Last updated: 4 March 2024

In this exclusive extract from a new book, People of the Boot, Frank Lowy speaks candidly about his vision for the game and the challenges of running it, both for himself and his son, Steven.

THE SOCCEROOS' EXPLOITS at the 2006 World Cup in Germany captured the hearts of the nation and it gave Frank Lowy and his board at the Football Federation of Australia (FFA) the impetus to drive the game forward. While the recruitment of Dutch coach Guus Hiddink and the Socceroos’ achievements in Germany had seemed like that critical force to propel the game upwards, there was another move early during Lowy’s tenure that was far more important for the future of Australian soccer - move Australia out of the soccer backwater that was the Oceania Confederation and into Asia.

Just like the Hiddink appointment, it would take a man of Lowy’s influence to finalise. “I approached the then FIFA president Sepp Blatter and he said there’s a congress in China and I should go to and meet the relevant people. I sent John O’Neill and he made the first steps. I then met the Qatari president [of the Asian Football Federation] Mohamed bin Hammam, and we became friends. He wanted to bring Asian football to a higher level and he thought Australian football could help that.

“I grabbed that chance with both hands and from there all the machinations were done by FIFA. Bin Hammam was a big supporter and we became good friends – a Qatari Arab and a Hungarian Jew – we talked about politics a lot, but we became quite friendly. It was a very emotional time when they formally admitted Australia and I went up to the podium and raised the Australian flag because it was in the national interest, not just the football side.”

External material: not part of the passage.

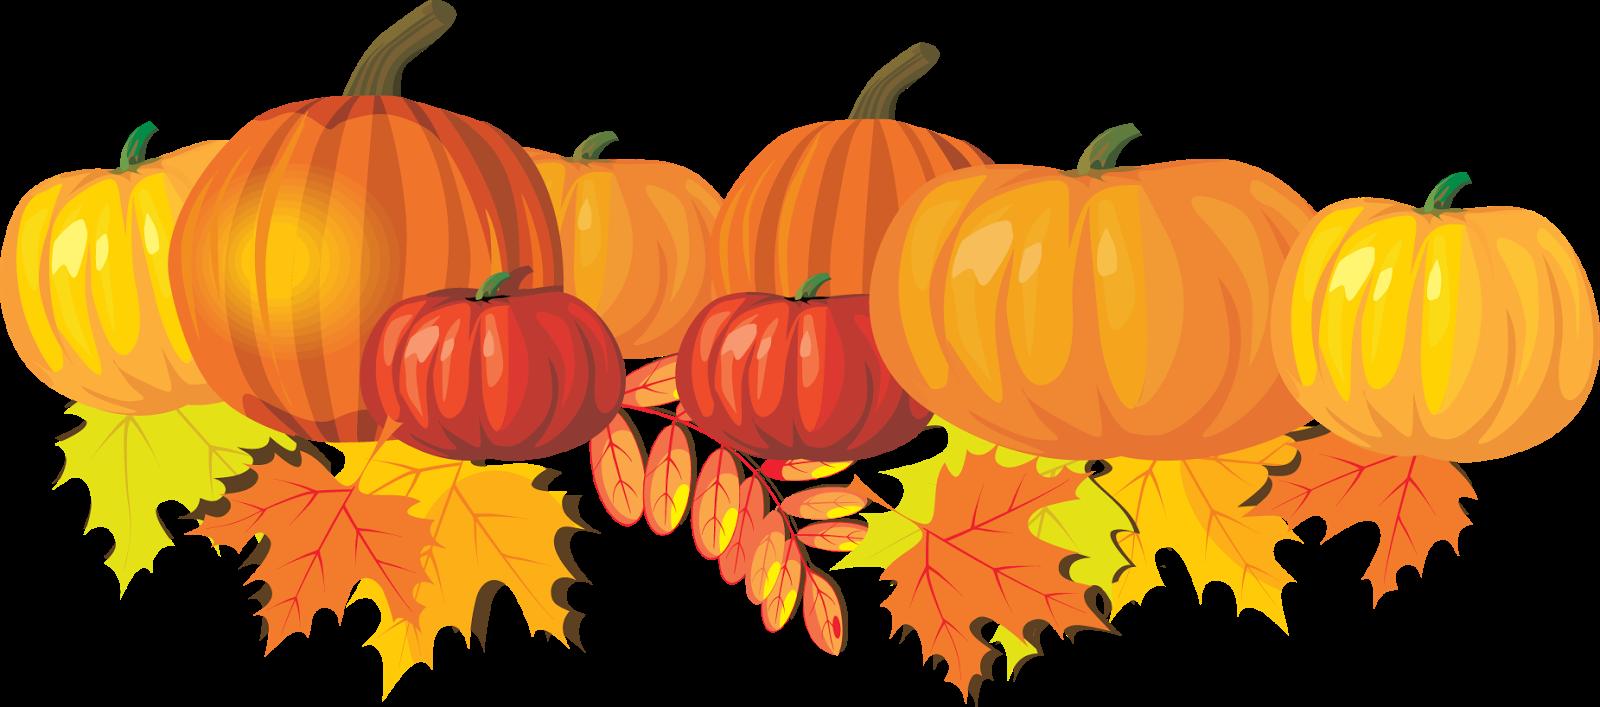 Trendy pumpkin clipart transparent library Cuttlebug Mania: Hello Sweet Pumpkin transparent library
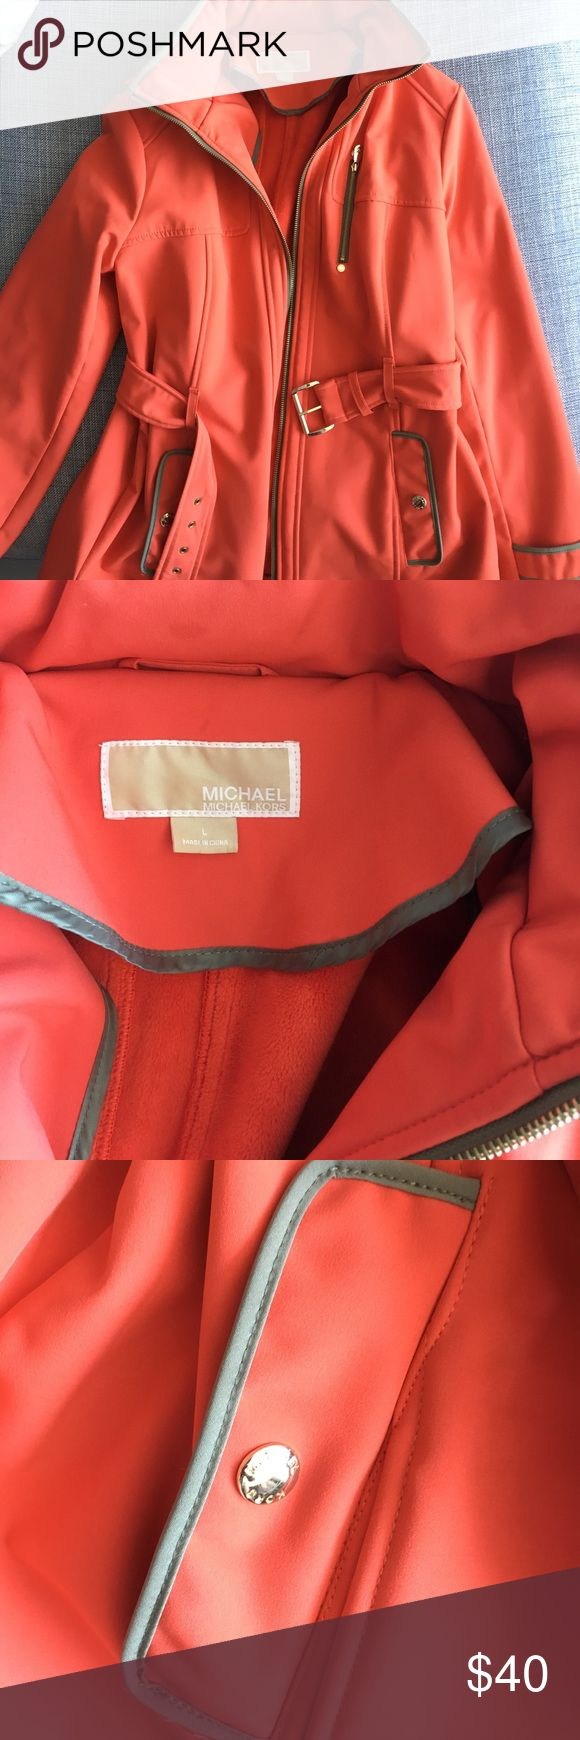 Michael Kors rain jacket with hunter green trim Like new! Worn once MICHAEL Michael Kors Jackets & Coats Trench Coats

The transfer meant that Lowy, a vocal and generous financial supporter of Israel, would be entering a political minefield – competing with and rubbing shoulders against the Arab nations that detested the existence of the Jewish homeland.

Amazingly, this never became a major problem. “There was no tension with the other leaders except the Palestinian representative. He was on the committee of the Fatah organisation and they attempted to bar Israel from FIFA, which I didn’t agree with, but apart from that issue, I had no feeling that the other members envied me because I was a Jew. On the field, we were enemies for 90 minutes but other than that, I always felt comfortable in that arena, surprisingly so.”

It was that experience that acted as a precursor to undoubtedly the biggest setback of Lowy’s tenure and one of the most significant unfulfilled deals of his working life – the failed bid for the 2022 World Cup finals.

Some $46 million of federal government money was invested, with million-dollar contracts going out to consultants, including Hungarian Peter Hargitay, who is alleged to have taken that cash and then undermined Australia’s bid by acting as an agent for the eventual winners, Qatar.

It was a victory for FIFA corruption, and while Lowy’s bid was accused of also entering FIFA’s dirty world, he denies all claims. But the pain that defeat caused him is not something he shies away from. “If I hadn’t gone for the World Cup bid, life would have been a lot easier but the temptation was just too big for me not to try.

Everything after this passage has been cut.